Monday, March 12, 2007

Hey Jack, remember me?

Dear Jack,

I've written this letter countless times over the past several weeks. I don't know how else to say it but... damn I swore I wasn't going to cry- Jack, it's over between us.

I've been your trusty manpurse for a few years now. We've saved this great country together, in case you've forgotten. I was there when you had to fake your death and leave your whole life behind. I was there when you came back out of hiding and blew up those terrorists at the airport. I was there when you clutched sweet Tony to your breast and watched him die. I was there when you got revenge on Henderson, ontop of that Russian submarine. But it wasn't all business, was it? We had some laughs too. Remember when you screwed with that diplomatic plane's avionics by pulling on those tension chords? Dude, you're a wildman!

But it's been almost 13 hours since you've been back in the States and you haven't so much as looked at me. I'm The Jack Sack for crissake! Without you I'm just like every other olive-colored canvas messenger bag that anyone can buy (by clicking the convenient link on the righthand side of this wonderous blog!). The other sacks know something's up. They ask me "Hey, have you talked to Jack lately?" Or "Where's Jack been, have you two broken up?" I'm sure your friends don't ask about me... I know they never liked me let alone noticed my presence! It's one thing if you just manned-up and told me we were finished. But to wait here, in your locker at CTU... I don't deserve to be ignored.

I didn't want things to end this way, but you've given me no choice. Don't bother writing or calling, I'm leaving later today on the next Greyhound to West Virginia, where a nice crime reporter told me he's got a place for me in his home. Be good, Jack. You've always managed to find a way to do your job. I thought we could have had one last adventure together, but I'll just have to rely on some fond memories to guide me through this miserable journey called life.
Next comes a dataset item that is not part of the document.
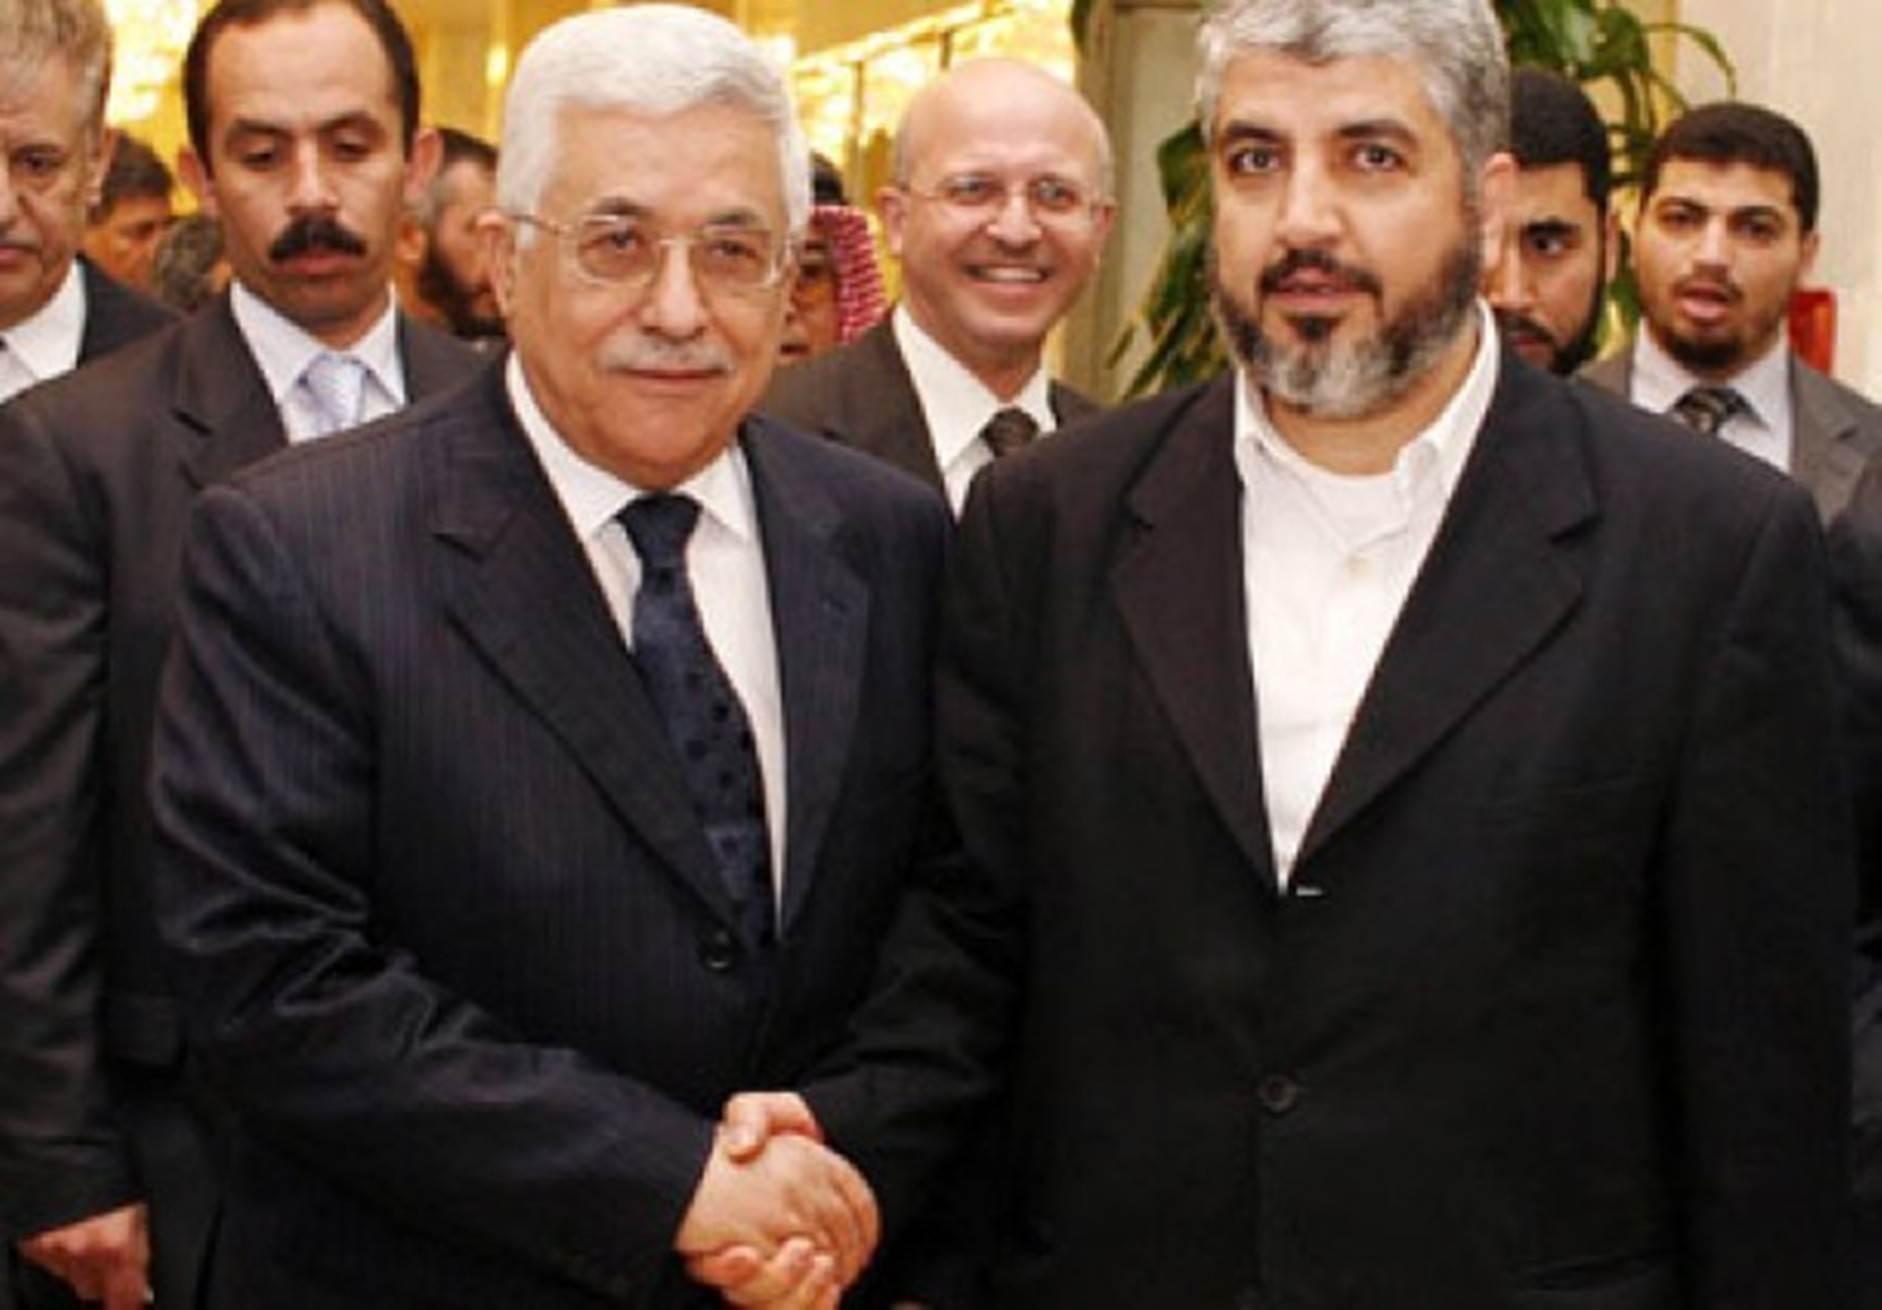 حماس وفتح ترفضان وساطة روسية للمصالحة وتتمسكان بالوسيط المصري

-The Sack Formerly Owned By Jack


Unregistered Coward said...

Tension cords? What a sad sack you are.

Maybe flight control cables.

The Jack Sack said...

But these cables are tense, no? The situation was most certainly so at the time. I'm sticking with "tension chords!" ;)

steveegg said...

I hereby predict you and Jack will be reunited in the next 2 hours.

Anonymous said...

Theres been no sign as yet..and with Aaron showing up and doing the whole bondage thing with martha and handcuffs, there may be no need for it.

Aaron can handle it all by his little self..

The crime reporter from WV

TheJackSack said...

The Jack Sack is inconsolable. Lawrence promises to take The Jack Sack in if Jack doesn't come around in time. These abandoned sacks need good homes!

The Aaron/Martha relationship bugs me. Aaron really ought to know better than to mix it up with that dizzy broad.

Unregistered Coward said...

But these cables are tense, no? The situation was most certainly so at the time. I'm sticking with "tension chords!"

Flight control cables are taut. Tension chords would be something a frustrated musician might produces. Tension Sheets would be what you'd find on Red Dwarf

Anonymous said...

don't cry jack sack..jack has dumped so many more before you! he's just distracted...he's been just watch..he's gonna reach out for you and find you not there and realize his mistake! He'll beg to have you back, i know it, so just hang in there. But, if it is true, and Jack has ~sob~ moved on, I have a lovely Glock that needs a warm place to hang out, maybe we can consider you?